Recorded information:
—————

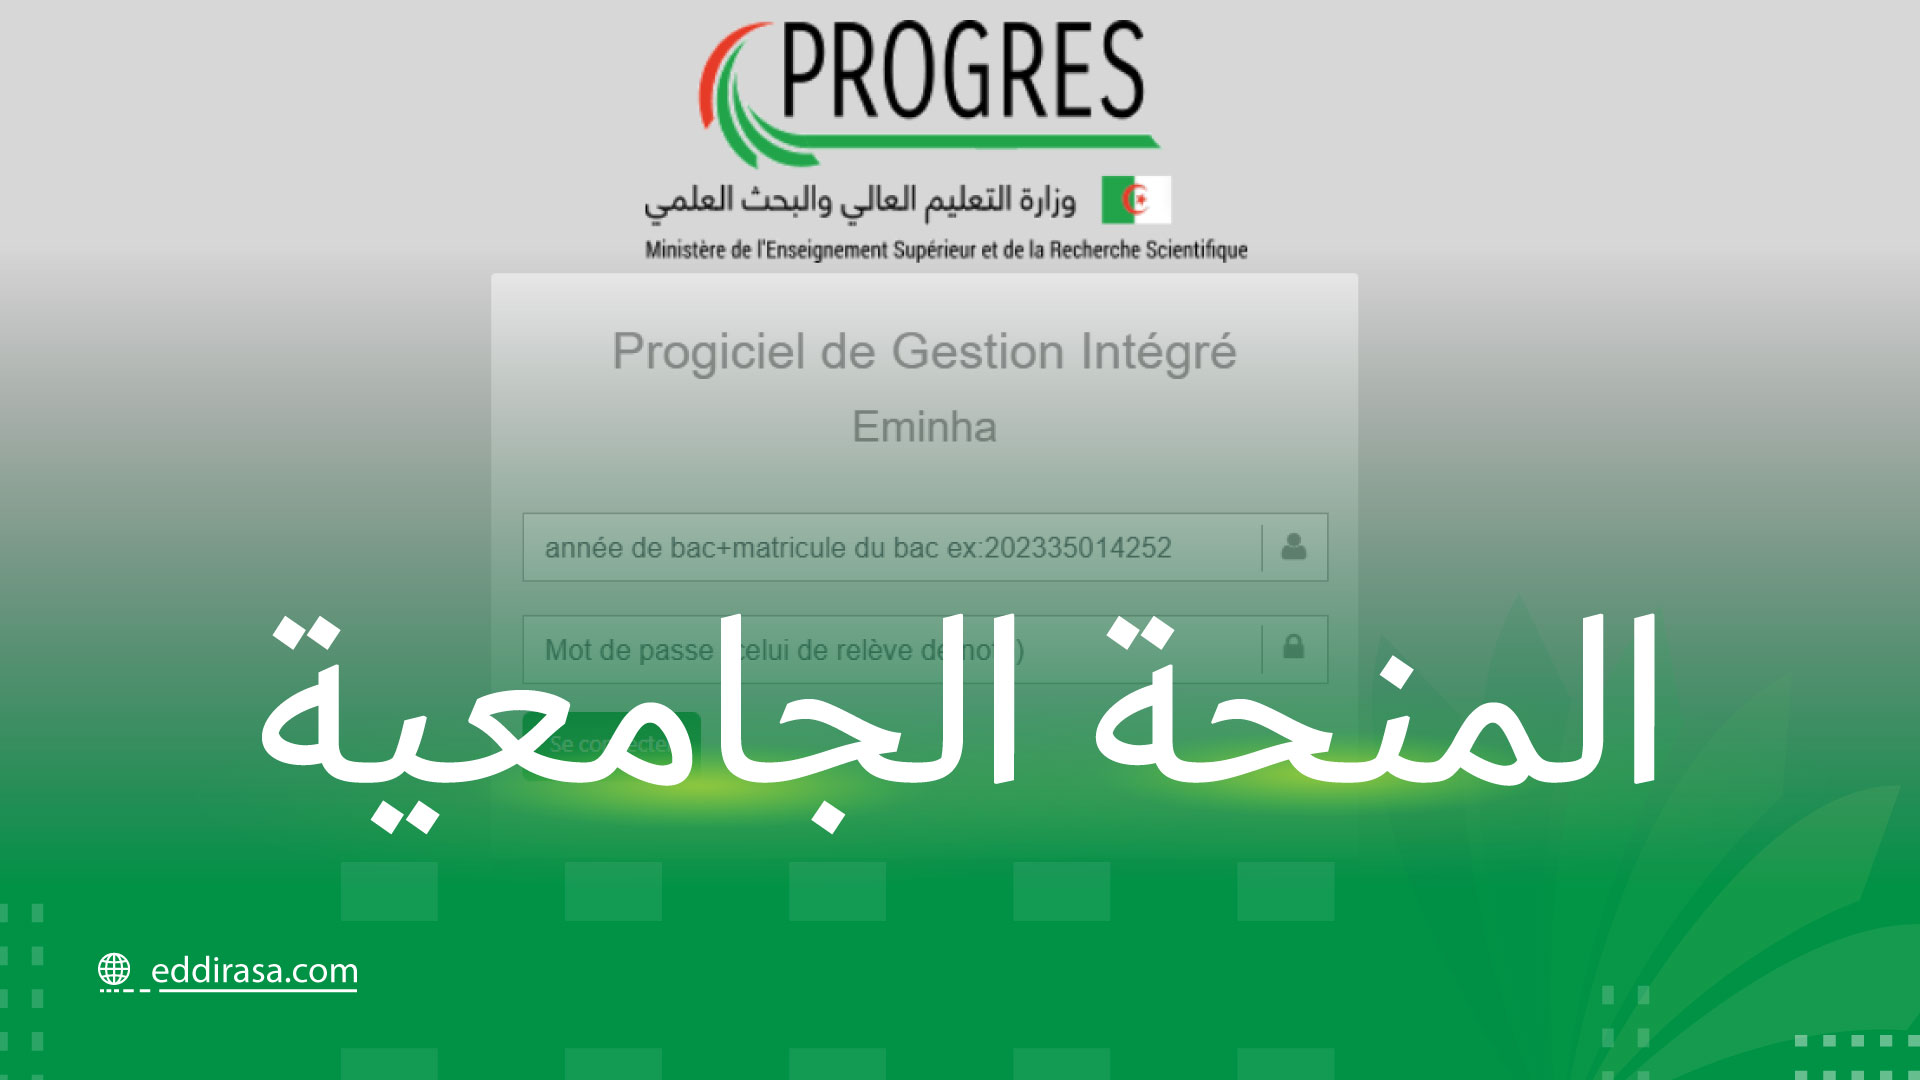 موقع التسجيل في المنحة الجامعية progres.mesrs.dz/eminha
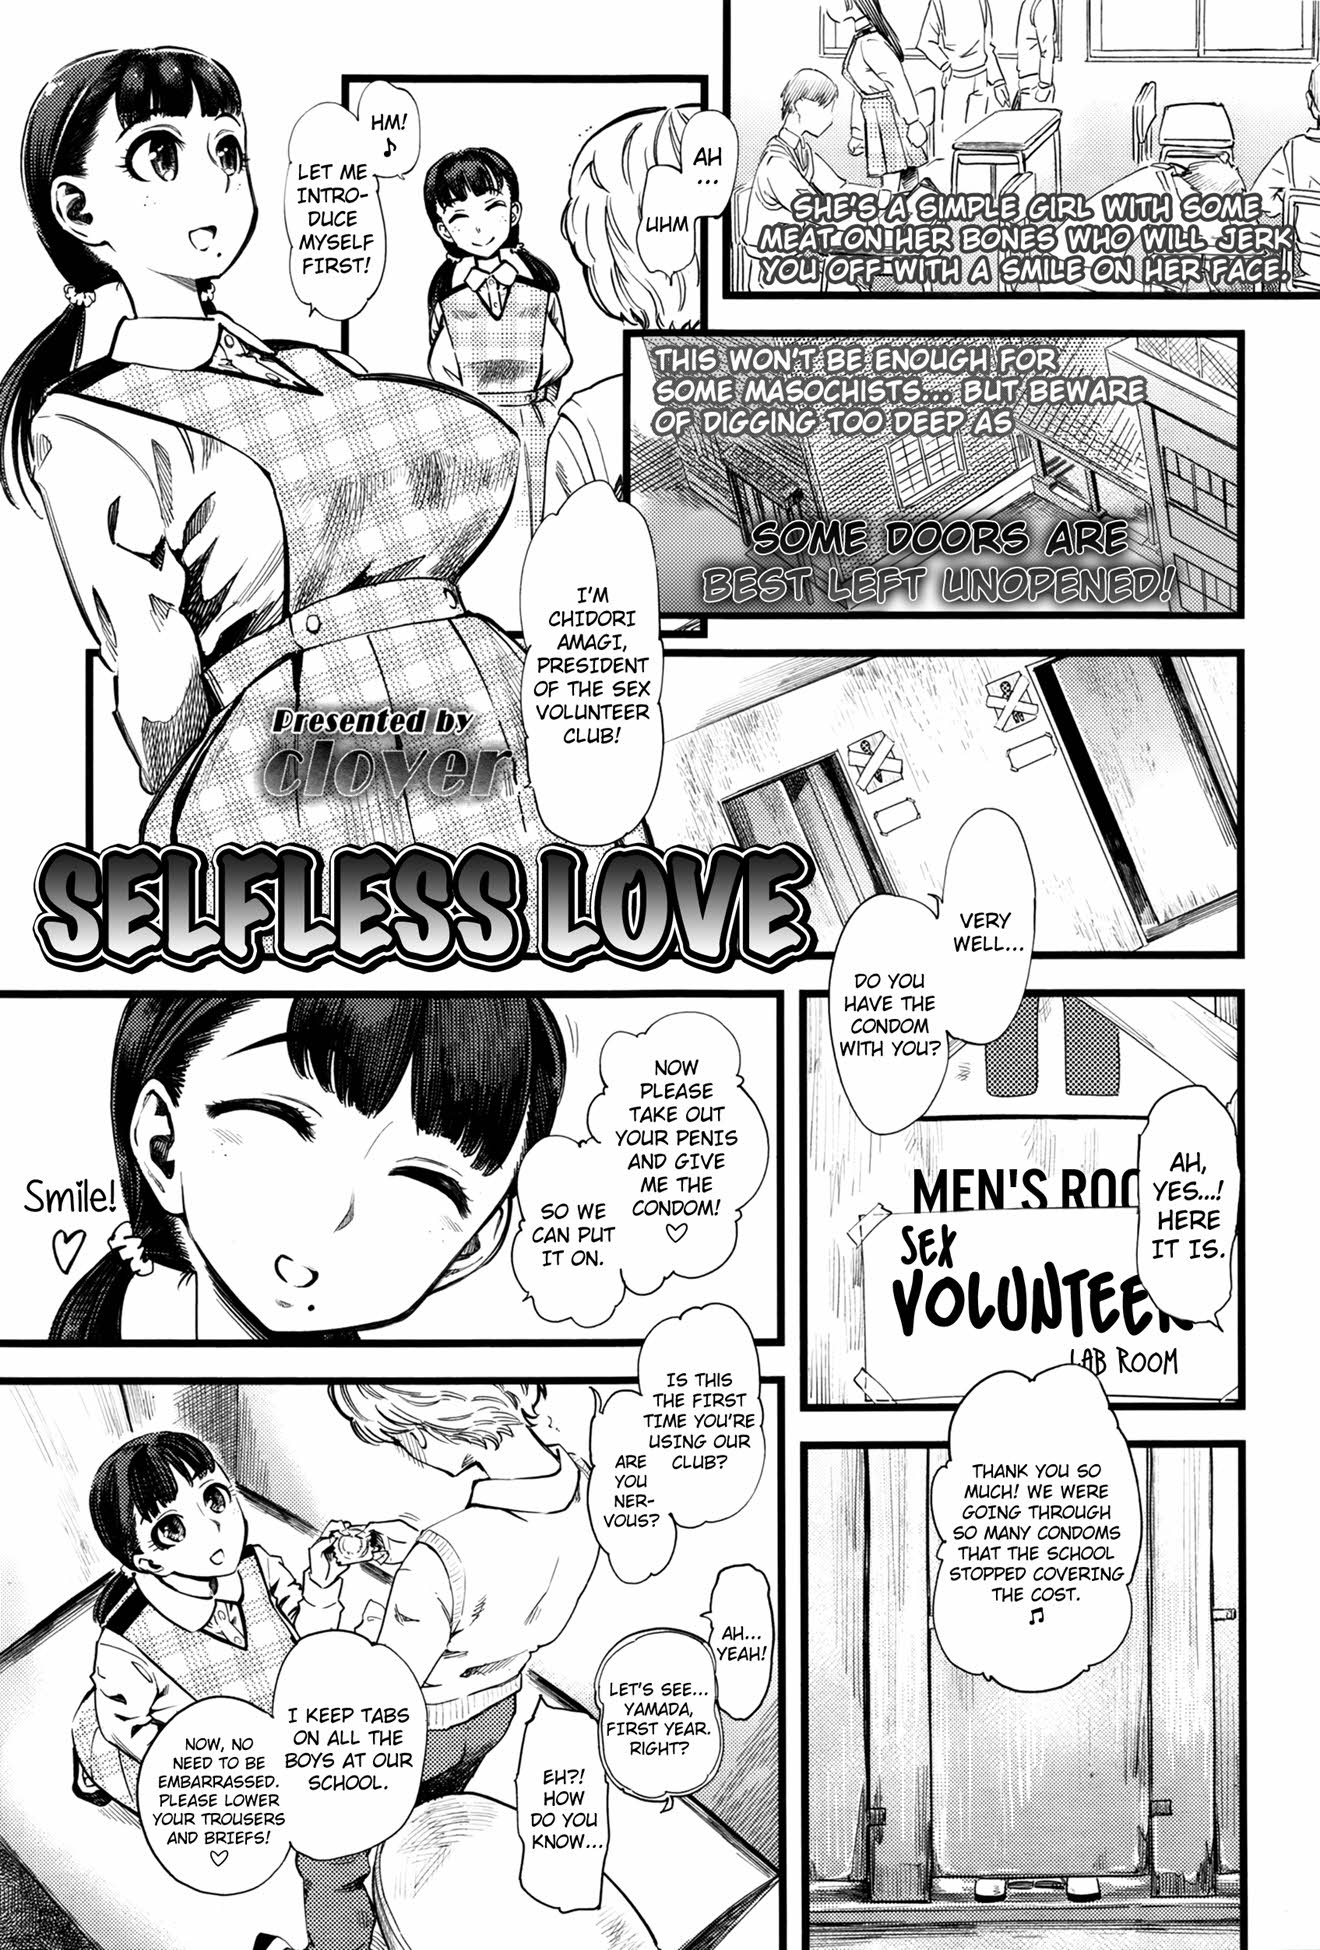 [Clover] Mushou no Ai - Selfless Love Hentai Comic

—————

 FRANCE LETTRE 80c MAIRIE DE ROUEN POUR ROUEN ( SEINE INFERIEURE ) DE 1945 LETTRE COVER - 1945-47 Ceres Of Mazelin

—————

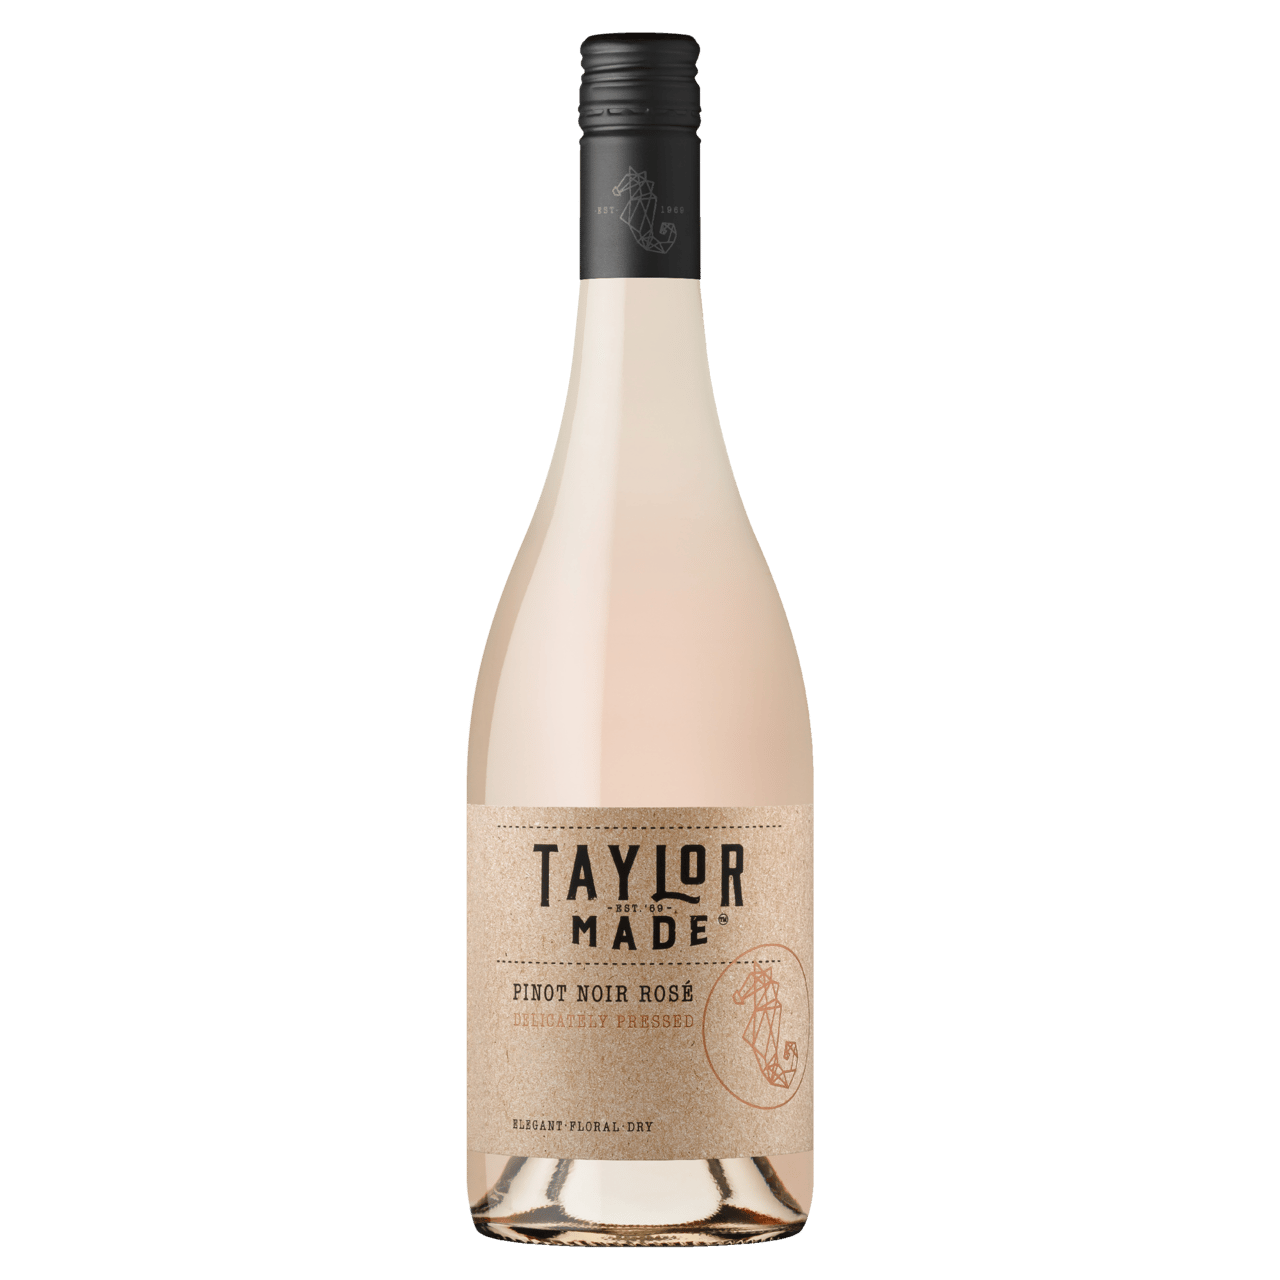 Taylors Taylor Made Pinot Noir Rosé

—————

In the data above, take the line with "موقع التسجيل في", the line with "[Clover] Mushou no", and every line between, and set them down exactly without pictures.

 موقع التسجيل في المنحة الجامعية progres.mesrs.dz/eminha
 [Clover] Mushou no Ai - Selfless Love Hentai Comic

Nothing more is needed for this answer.